The Old Phonograph
The Phonograph Experiment
James and John bought from a sale an old phonograph. The phonograph speed can be changed. They are trying to do a physics experiment. The phonograph has radius $R$. John places two coins, having mass m, stacked on top of each other, at the rim of the phonograph. James switches on the phonograph, at angular speed $\omega$, when the coins rides without slipping. The coefficients of static friction are, $\mu1$ (between phonograph and coin) and $\mu2$ between coins, and $\mu2 < \mu1$. Please find the friction force between the phonograph and bottom coin. If the speed is increased, please find what happens with the coins.
The Friction Force
Each coin slips when the centrifugal force on it is greater or equal to the friction force.
$Fcf >= Ff$
$Ff =\mu*G$.
$Fcf =m*\omega^2*R$
where $Fcf$ is the centrifugal force on EACH of the coins.
Suppose that you have three identical coins one on top of the other. Please see the figure.
The corresponding friction forces are:
$Ff1 =\mu1*(3G)$ since there are 3 coins that push on the disk plate.
$Ff2 =\mu2*(2G)$ since there are 2 coins that push on coin No. 1 in figure.
$Ff3=\mu2*G$ since there is only one coin on top of coin no. 2 in the figure.
The Centrifugal force is the same on all the coins since James and John positioned all coins on the rim of the plate. Now you have the answer.

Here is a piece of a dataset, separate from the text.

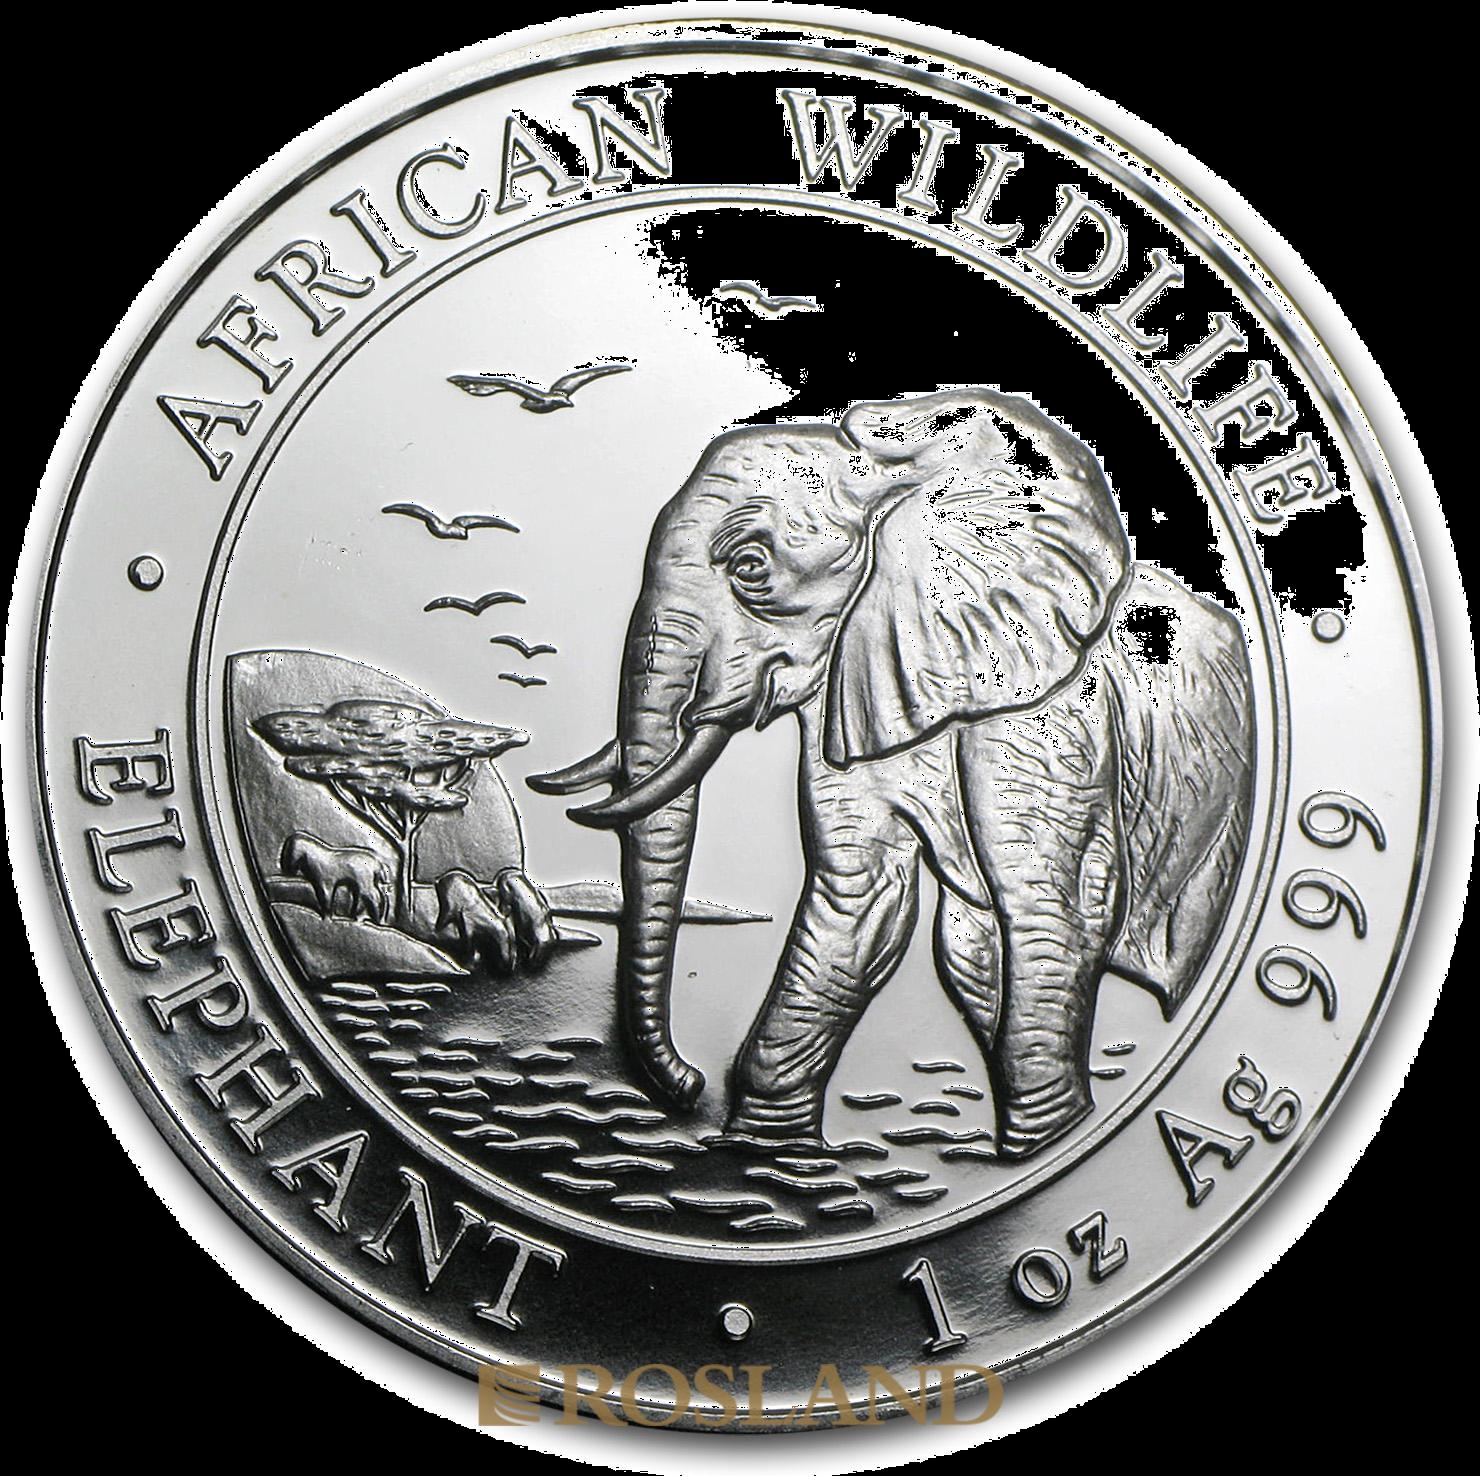 1 Unze Silbermünze Somalia Elefant 2010

The first coin that slips is the coin on top (coin no 3. in figure)
Angular spped will be
$\omega1 = Ff1/(mR) =\mu2*m*g/(mR) = \mu2*(g/R)$
After this coin will slip, $Ff2$ will become
$Ff2 =\mu2*G$ (since there will be left only coins 1 and 2).
Thus imediately after coin no 3 slip, coin no 2 will begin slipping (at the same angular speed $\omega$)
$\omega2 = Ff2/(mR) = \mu2*m*g/(mR) = \mu2* (g/R) =\omega1$
Now it remains only coin no. 1. with the friction force $Ff1 =\mu1*G$. Since
It will begin slipping at a greter angular speed than coins 1 and 2 since $\mu1 > \mu2$.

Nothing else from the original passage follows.